Contents of this chapter:

What is CorpusDraw?
Input to CorpusDraw
source file(s)
command file
file of legal tags
The CorpusDraw graphical user interface
the tree display window
the text window
editing buttons
display buttons
Output of CorpusDraw

What is CorpusDraw?

CorpusDraw displays the tree structures assigned to sentences in a parsed corpus and allows an annotator to edit these trees in the course of corpus construction or revision. It can also be used to display parse trees for presentation purposes.

Input to CorpusDraw

CorpusDraw accepts the following command line arguments:

  1. an optional specification of structural constraints on what sentences to display (command file).
  2. the corpus file to display (source file).
In addition, CorpusDraw will read in a file of legal syntactic and part-of-speech tags, if one is supplied. The corpus file, command file, and CorpusSearch program itself must reside in different directories. The recommended directory configuration has a root corpus directory with three sister subdirectories, one for CorpusSearch itself, one for the corpus source files and one for the command files and for the file of legal tags. When starting CorpusDraw, the current directory should normallybe the root directory of the corpus, with the path to the corpus file being worked on specified on the command line.

source file

A source file is any file that contains parsed, labelled sentences. This could be a file from the Penn Parsed Corpora of Historical English or from another parsed corpus.

command file

The command file contains a query, which describes a structure that every sentence must meet to be displayed by CD. The use of such a command file allows the annotator to view only those sentences relevant for a given editing change being implemented on the corpus.

file of legal tags

If CorpusDraw is given a file of legal tags, it will constrain node labels, both phrasal and part-of-speech tags, to come from the list in this file. This constraint prevents the accidental introduction of ill-formed labels.

To create a file of legal tags, the following lines should be inserted into a command file with the name "tags.q":

corpus_encoding: UTF-8

make_tag_list: t

The corpus_encoding line should be changed if the corpus font encoding is other than UTF-8. The command file may not contain any other contents. When CorpusSearch is run on the entire parsed corpus with this command file, a file with the name "tags.tag" is created. This is the legal tags file used by CorpusDraw.

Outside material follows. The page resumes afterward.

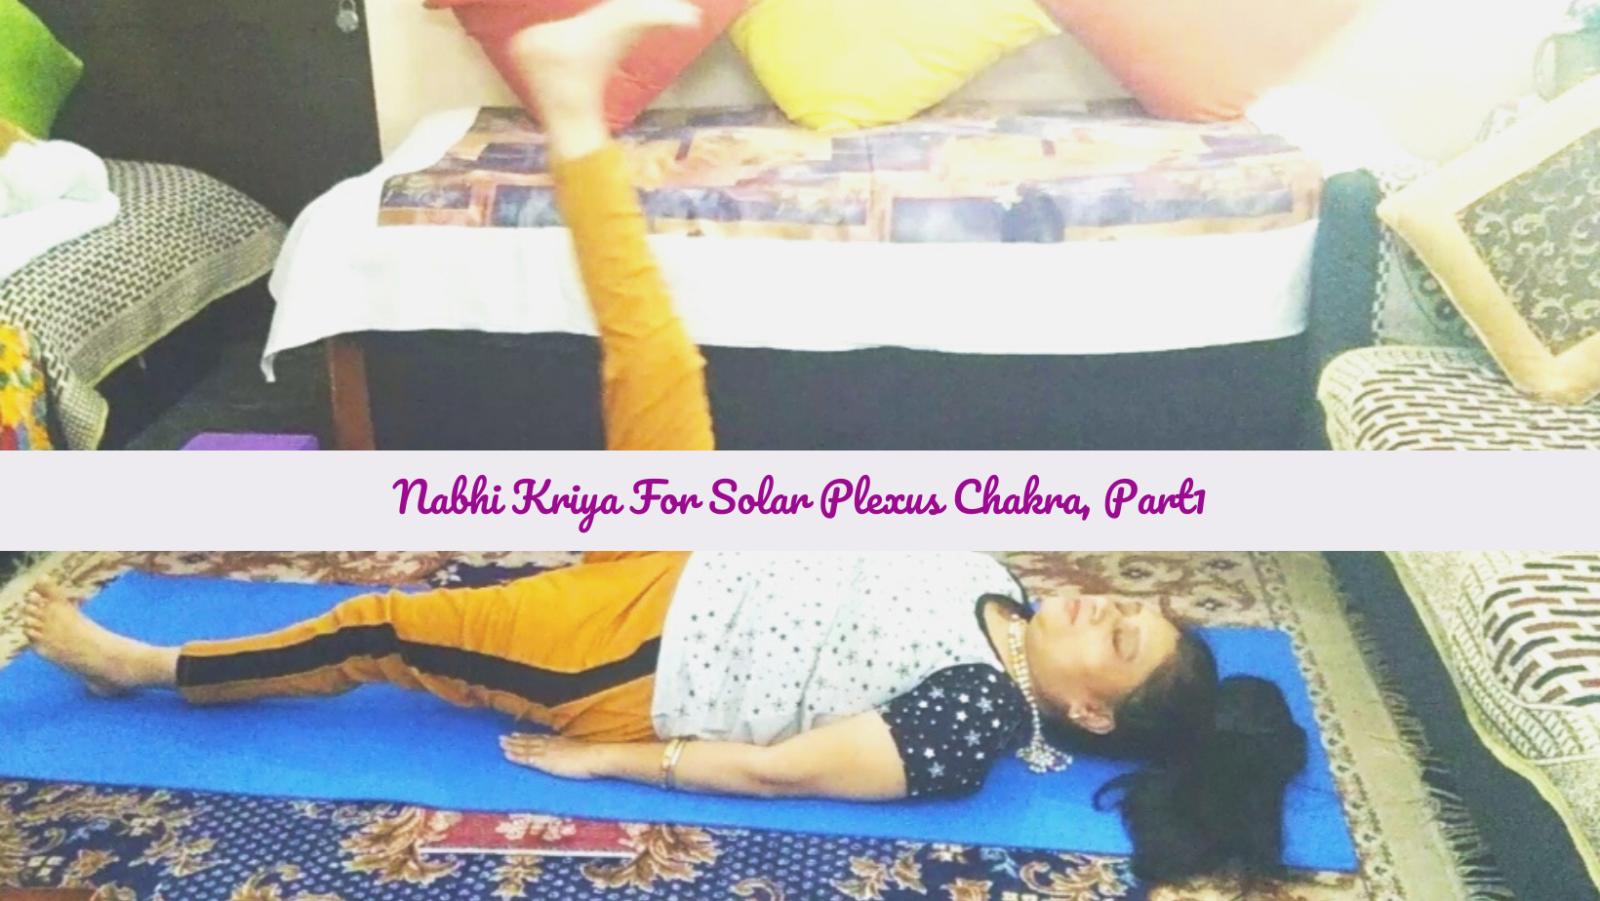 Featured image for Nabhi Kriya To Unblock Your Solar Plexus Chakra, Nabhi Kriya For Courage, Confidence, And Power

The CorpusDraw graphical user interface

The CorpusDraw GUI is intended to be largely self-explanatory. The display, which can be seen by clicking here, contains the follow parts:

The scroll bars at the bottom and on the right edge of the tree display window allow different parts of the tree to be centered in the window. This can also be accomplished by clicking on the word in the text window that the user wishes to place in the center of the display. The arrows at left of the editing button row move the display from one sentence to the next.

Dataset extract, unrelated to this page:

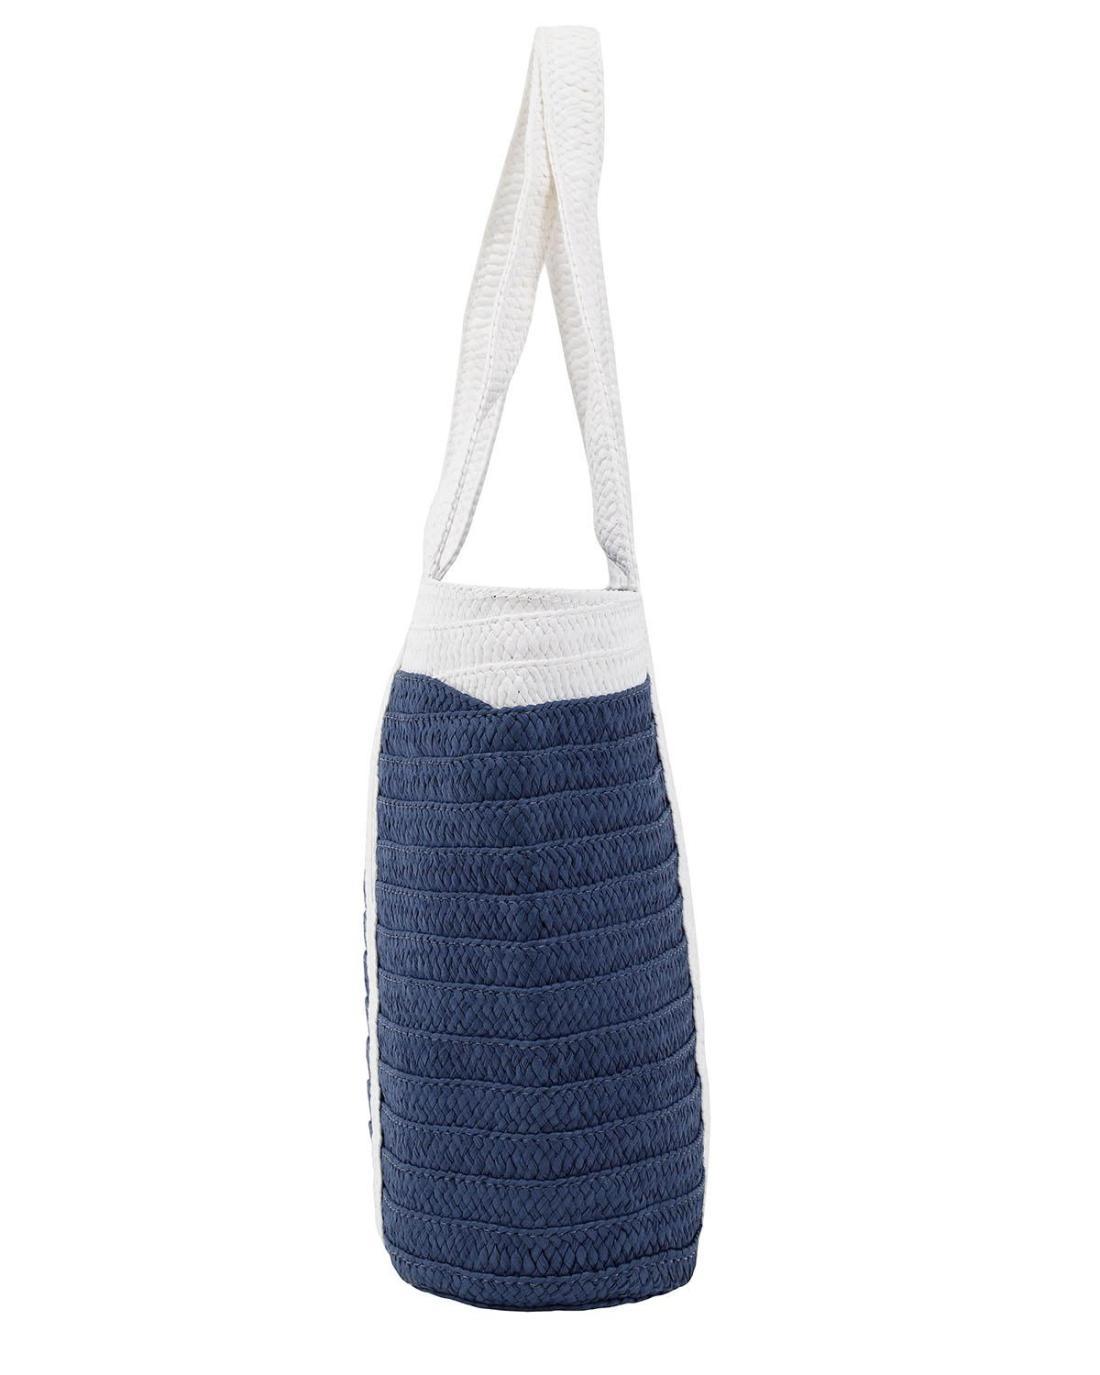 Papierstroh blaue strandtasche

The editing buttons allow the annotator to change node labels, to move nodes and their descendants around in the tree, to coindex nodes, and to add empty categories the various types specified in the legal tags file. CorpusDraw will not permit the annotator to accidently change the order of words in the sentence or to delete any.

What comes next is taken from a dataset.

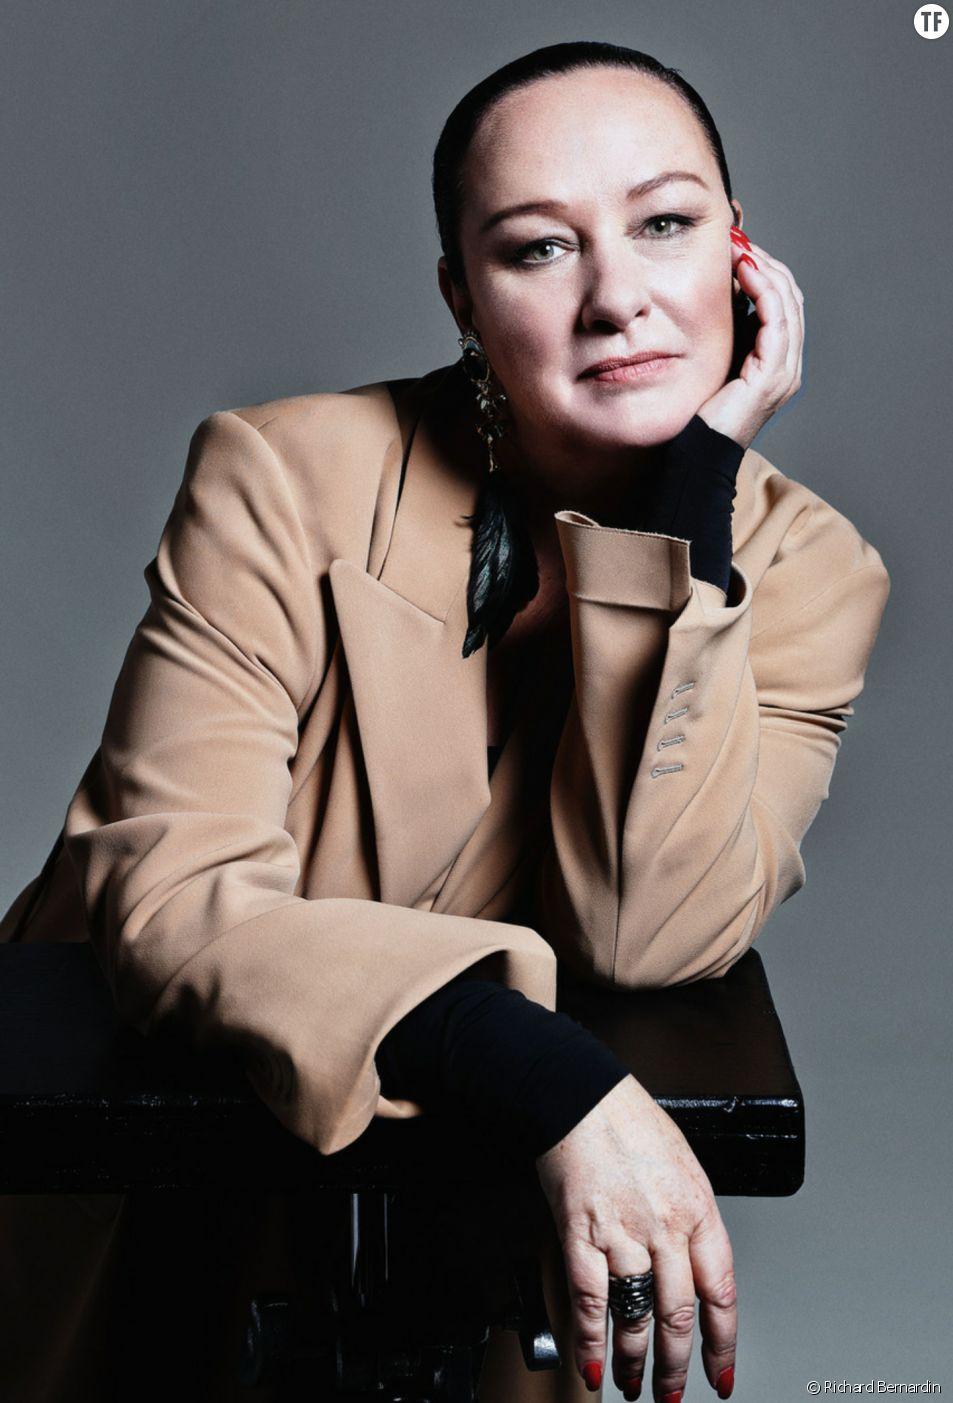 Portrait de Phoebe Greenberg

The actions controlled by the editing buttons can also be triggered by the use of shortcuts, both keystrokes and mouse clicks. Some of these require a sequence of keystrokes or clicks. A current list of these shortcuts can be found in the next section of the manual. Here is a QuickTime movie of these shortcuts in action:

Output of CorpusDraw

When CorpusDraw is displaying a file with the name "foo.psd" and the file is saved after certain changes are made, the saved file has the name "foo.psd.new." This change in name guarantees that changes can easily be discarded.